**Your assignment**
Output exactly, in the material below, the lines from the one with "Evaluation de la" through the one with "Dead Island 2". Omit all pictures.

**Data under study**
────────────────────────────────────────
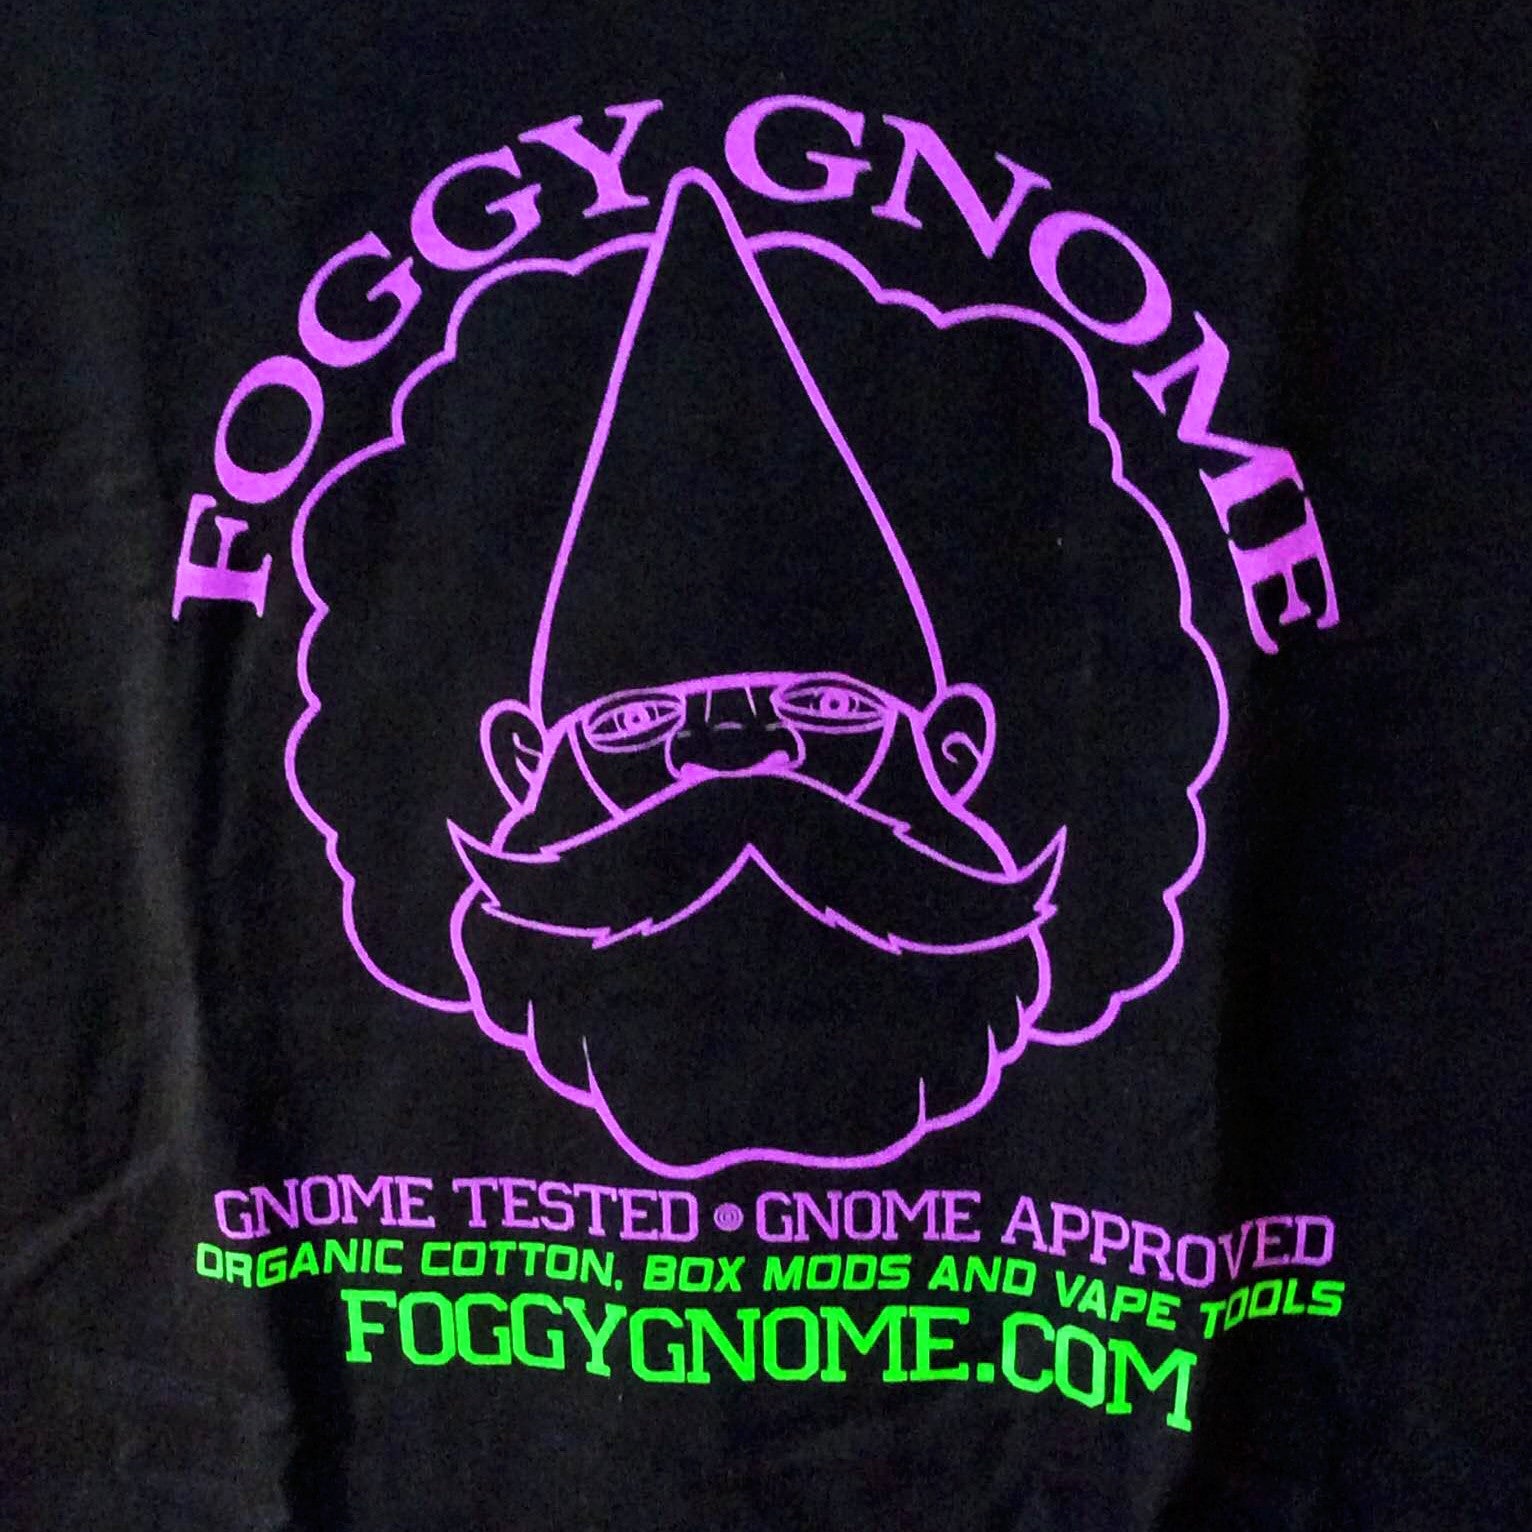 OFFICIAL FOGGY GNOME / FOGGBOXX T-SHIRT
────────────────────────────────────────
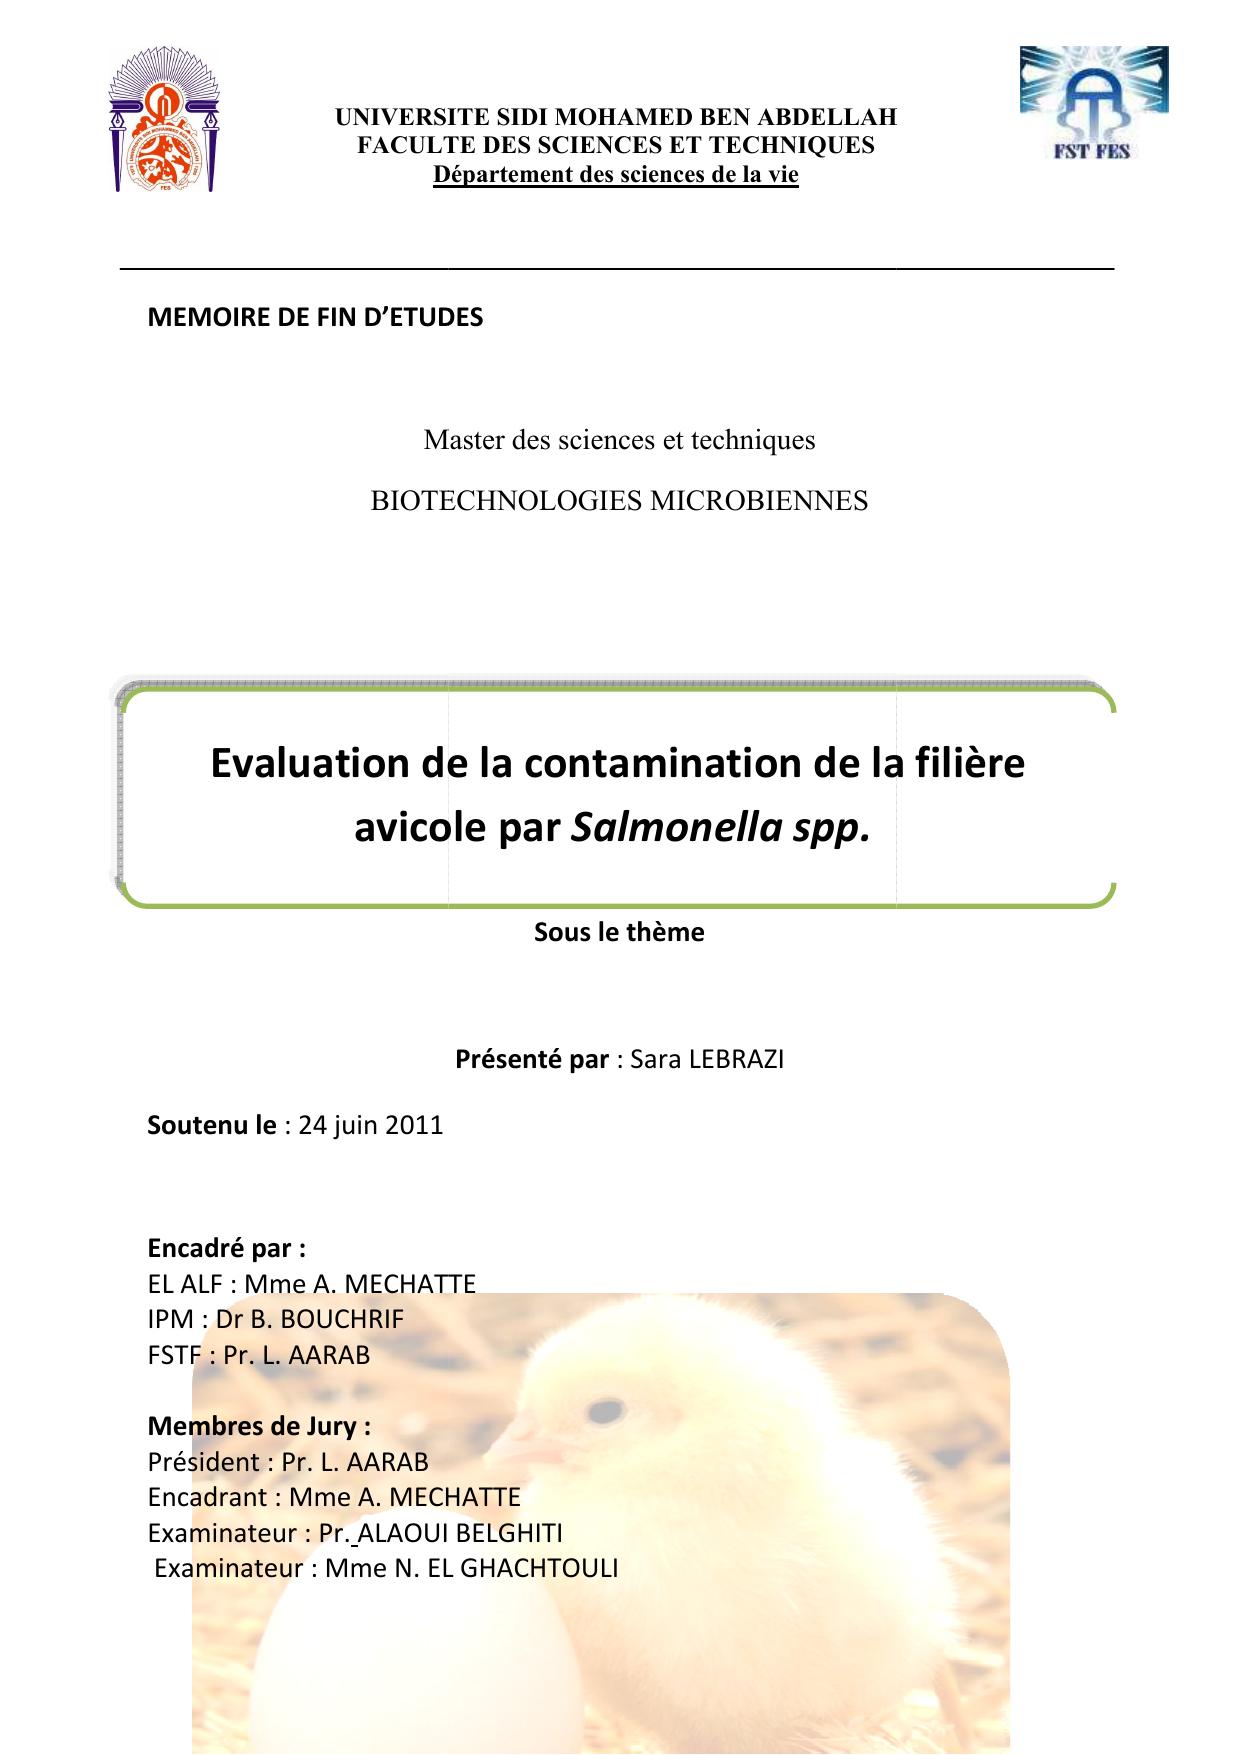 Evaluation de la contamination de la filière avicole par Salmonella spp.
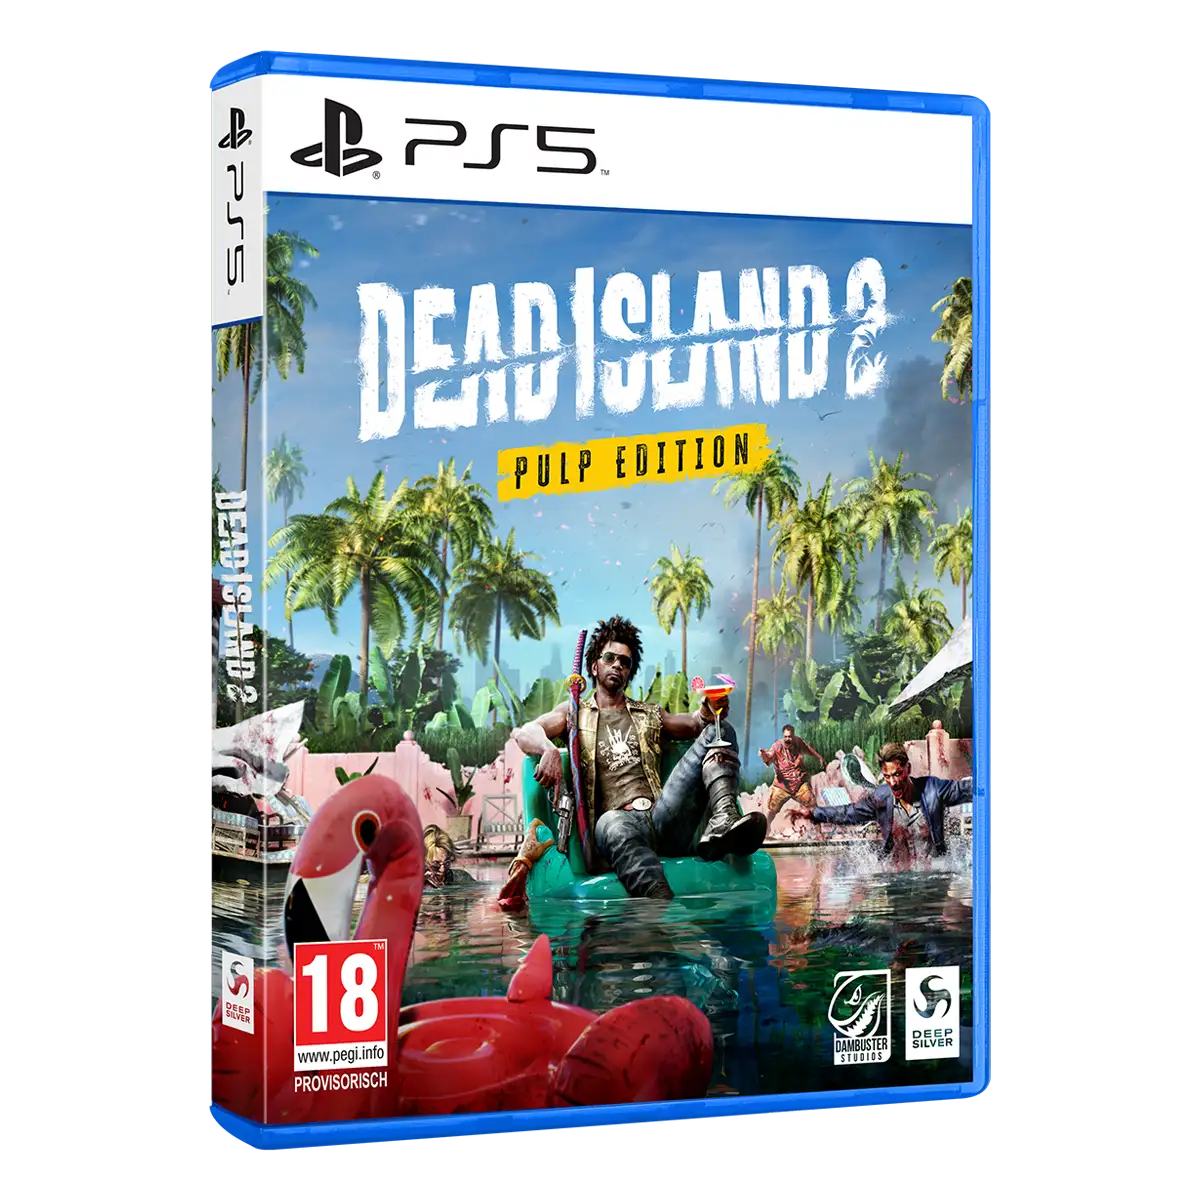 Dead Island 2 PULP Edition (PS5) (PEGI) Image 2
────────────────────────────────────────
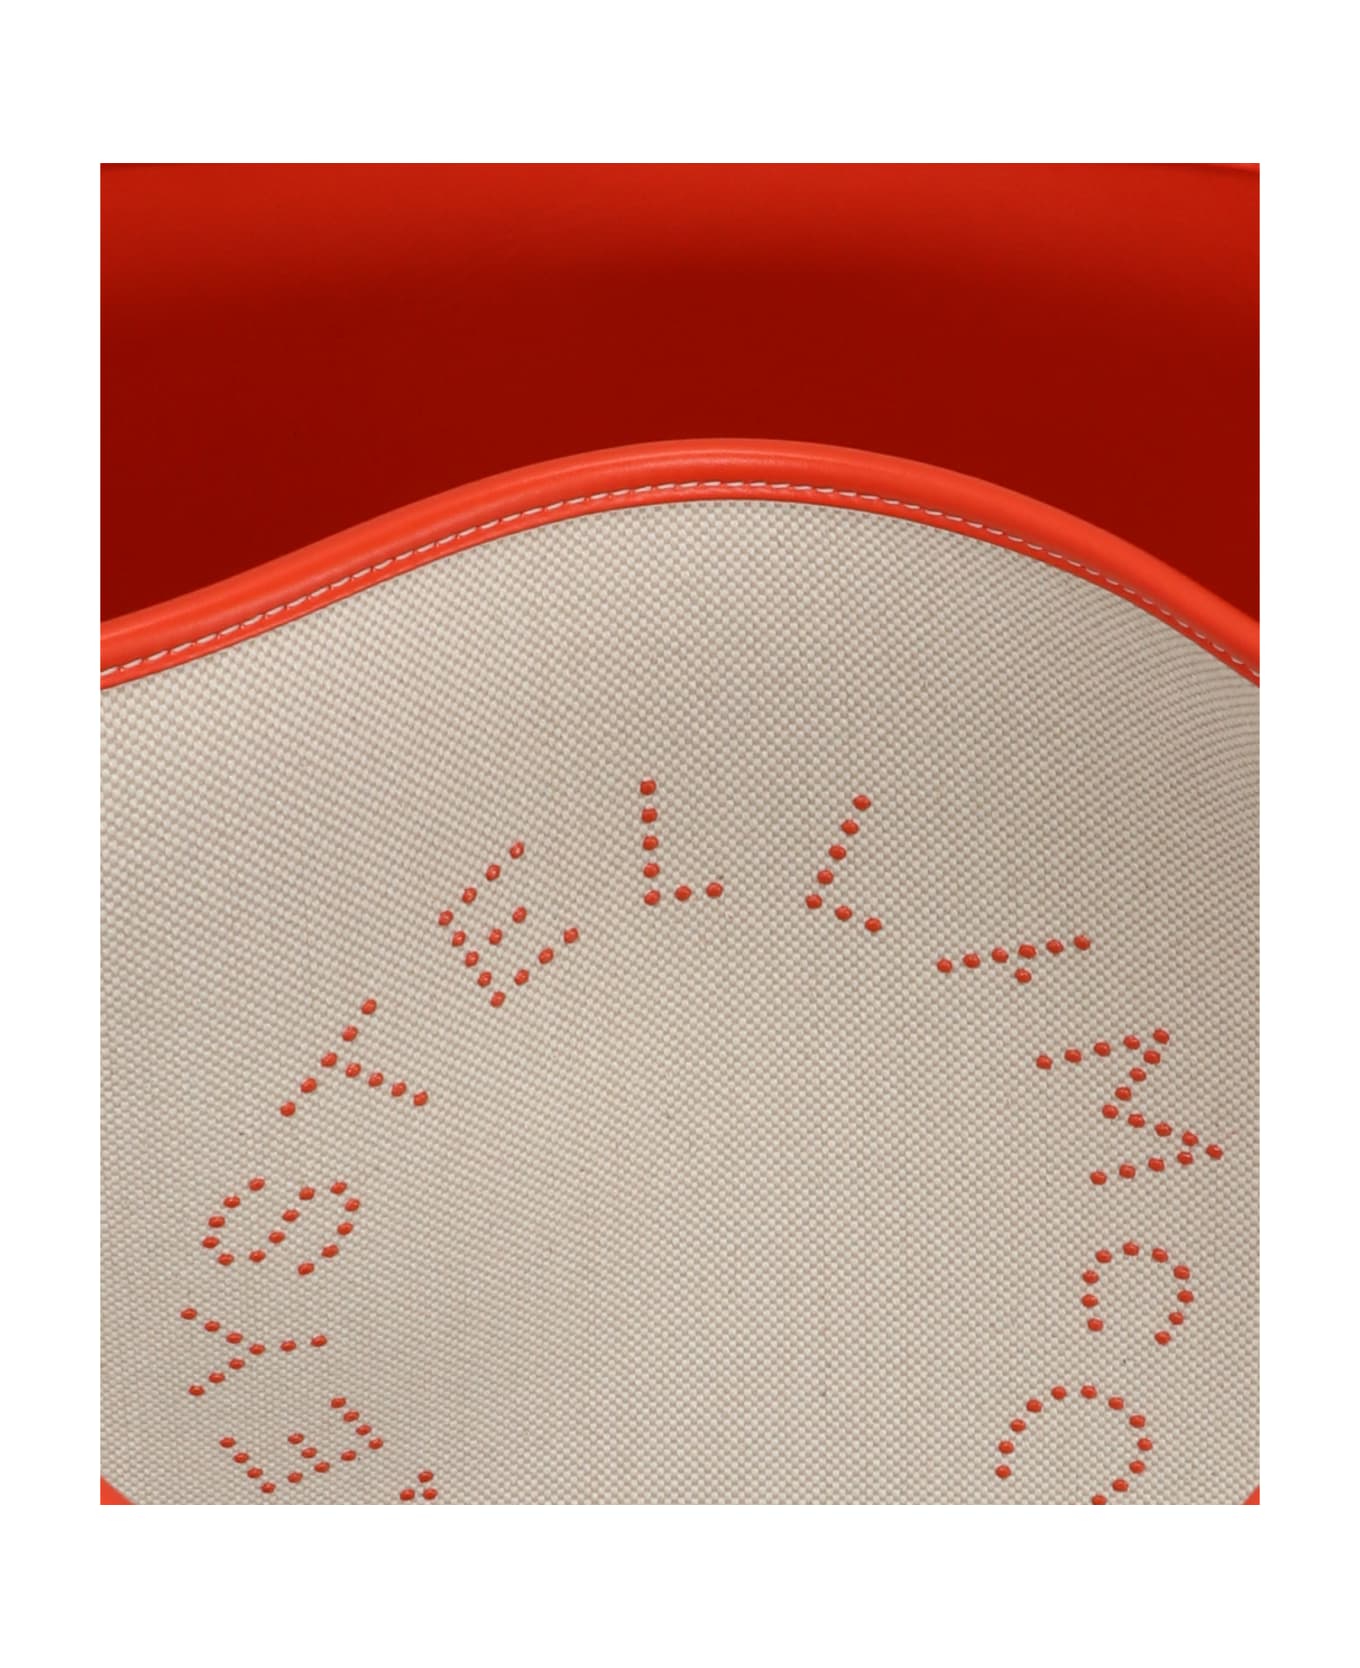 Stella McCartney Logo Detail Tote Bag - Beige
────────────────────────────────────────
**Exercise output**
 Evaluation de la contamination de la filière avicole par Salmonella spp.
 Dead Island 2 PULP Edition (PS5) (PEGI) Image 2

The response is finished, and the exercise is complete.